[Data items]
=== Section Start ===

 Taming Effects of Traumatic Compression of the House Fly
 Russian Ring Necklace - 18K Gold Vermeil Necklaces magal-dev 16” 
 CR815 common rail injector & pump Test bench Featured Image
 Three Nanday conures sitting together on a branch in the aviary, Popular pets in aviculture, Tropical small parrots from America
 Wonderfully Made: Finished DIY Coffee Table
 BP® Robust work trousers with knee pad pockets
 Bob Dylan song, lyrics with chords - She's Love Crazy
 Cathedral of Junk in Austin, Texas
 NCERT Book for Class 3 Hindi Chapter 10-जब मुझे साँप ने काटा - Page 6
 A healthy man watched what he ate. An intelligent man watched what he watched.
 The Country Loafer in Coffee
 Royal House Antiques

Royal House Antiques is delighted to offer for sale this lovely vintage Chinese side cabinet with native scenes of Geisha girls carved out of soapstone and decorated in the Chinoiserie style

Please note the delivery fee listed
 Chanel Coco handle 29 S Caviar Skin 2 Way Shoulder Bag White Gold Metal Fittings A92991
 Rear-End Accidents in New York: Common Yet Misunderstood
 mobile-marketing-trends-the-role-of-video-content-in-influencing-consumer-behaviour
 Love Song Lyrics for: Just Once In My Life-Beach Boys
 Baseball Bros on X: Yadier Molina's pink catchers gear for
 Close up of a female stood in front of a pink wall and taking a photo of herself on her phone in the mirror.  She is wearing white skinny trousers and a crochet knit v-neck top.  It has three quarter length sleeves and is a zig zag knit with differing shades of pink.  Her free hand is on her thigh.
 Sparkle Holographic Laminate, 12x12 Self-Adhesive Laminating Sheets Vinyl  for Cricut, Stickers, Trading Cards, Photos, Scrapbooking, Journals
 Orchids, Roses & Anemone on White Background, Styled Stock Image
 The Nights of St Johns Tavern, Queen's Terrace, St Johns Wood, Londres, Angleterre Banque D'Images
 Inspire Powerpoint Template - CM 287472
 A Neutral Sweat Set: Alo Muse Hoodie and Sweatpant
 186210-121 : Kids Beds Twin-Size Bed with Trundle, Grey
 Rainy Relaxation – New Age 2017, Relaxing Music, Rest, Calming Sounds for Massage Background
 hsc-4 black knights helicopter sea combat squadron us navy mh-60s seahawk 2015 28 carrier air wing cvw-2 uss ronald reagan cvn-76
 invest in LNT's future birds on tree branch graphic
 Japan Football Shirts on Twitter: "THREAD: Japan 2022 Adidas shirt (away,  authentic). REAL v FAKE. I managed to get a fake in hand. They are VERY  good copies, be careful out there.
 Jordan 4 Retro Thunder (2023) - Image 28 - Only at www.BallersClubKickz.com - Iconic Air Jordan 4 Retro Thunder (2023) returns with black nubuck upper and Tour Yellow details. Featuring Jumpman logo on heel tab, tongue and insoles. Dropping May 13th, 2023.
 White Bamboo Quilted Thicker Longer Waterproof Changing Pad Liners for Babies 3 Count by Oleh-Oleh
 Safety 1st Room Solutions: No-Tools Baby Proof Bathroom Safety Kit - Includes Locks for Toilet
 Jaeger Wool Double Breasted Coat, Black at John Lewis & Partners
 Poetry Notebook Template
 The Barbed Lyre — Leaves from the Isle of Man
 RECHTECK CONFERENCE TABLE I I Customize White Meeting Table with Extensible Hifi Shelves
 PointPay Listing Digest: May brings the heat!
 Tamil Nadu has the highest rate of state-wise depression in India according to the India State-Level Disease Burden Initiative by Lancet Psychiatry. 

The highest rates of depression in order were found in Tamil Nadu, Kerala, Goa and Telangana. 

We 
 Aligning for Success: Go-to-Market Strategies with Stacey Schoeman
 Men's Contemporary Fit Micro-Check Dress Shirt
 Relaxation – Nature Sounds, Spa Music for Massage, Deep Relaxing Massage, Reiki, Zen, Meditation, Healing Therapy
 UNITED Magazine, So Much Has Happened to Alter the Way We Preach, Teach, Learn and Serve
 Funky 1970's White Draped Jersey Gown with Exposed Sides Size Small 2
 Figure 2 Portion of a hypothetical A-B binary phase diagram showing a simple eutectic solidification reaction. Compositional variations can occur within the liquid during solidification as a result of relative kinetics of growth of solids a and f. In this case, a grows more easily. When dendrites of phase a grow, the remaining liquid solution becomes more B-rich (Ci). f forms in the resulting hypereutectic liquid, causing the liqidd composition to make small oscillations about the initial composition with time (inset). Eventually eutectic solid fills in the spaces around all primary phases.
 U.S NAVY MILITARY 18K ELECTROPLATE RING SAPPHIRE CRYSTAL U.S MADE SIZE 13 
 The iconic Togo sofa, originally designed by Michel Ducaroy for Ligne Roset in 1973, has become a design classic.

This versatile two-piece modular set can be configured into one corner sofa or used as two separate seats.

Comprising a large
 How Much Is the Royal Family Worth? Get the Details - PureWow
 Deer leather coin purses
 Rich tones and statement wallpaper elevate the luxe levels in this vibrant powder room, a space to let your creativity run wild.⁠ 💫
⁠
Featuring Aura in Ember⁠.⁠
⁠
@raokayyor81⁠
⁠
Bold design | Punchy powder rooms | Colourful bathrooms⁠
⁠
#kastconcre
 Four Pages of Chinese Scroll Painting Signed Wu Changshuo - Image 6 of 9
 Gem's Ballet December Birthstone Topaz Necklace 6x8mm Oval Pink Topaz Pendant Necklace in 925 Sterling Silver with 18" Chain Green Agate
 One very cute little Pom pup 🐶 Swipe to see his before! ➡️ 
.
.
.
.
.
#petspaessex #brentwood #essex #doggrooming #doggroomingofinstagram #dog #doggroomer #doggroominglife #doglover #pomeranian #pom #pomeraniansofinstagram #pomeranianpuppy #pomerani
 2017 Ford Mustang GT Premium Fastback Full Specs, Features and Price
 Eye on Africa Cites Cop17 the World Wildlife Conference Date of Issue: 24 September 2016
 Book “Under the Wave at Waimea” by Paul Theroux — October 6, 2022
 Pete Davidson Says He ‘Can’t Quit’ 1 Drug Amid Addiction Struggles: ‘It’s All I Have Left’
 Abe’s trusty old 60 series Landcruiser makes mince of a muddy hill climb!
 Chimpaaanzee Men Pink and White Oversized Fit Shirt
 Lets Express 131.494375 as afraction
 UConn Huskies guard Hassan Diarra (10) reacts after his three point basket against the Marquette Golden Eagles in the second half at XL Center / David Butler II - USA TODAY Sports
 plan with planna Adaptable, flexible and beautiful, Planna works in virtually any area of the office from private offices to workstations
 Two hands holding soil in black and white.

=== Section End ===

In the entries above, find each line with the string "design" and copy it.

[WRITTEN ANSWER]
 The iconic Togo sofa, originally designed by Michel Ducaroy for Ligne Roset in 1973, has become a design classic.
Bold design | Punchy powder rooms | Colourful bathrooms⁠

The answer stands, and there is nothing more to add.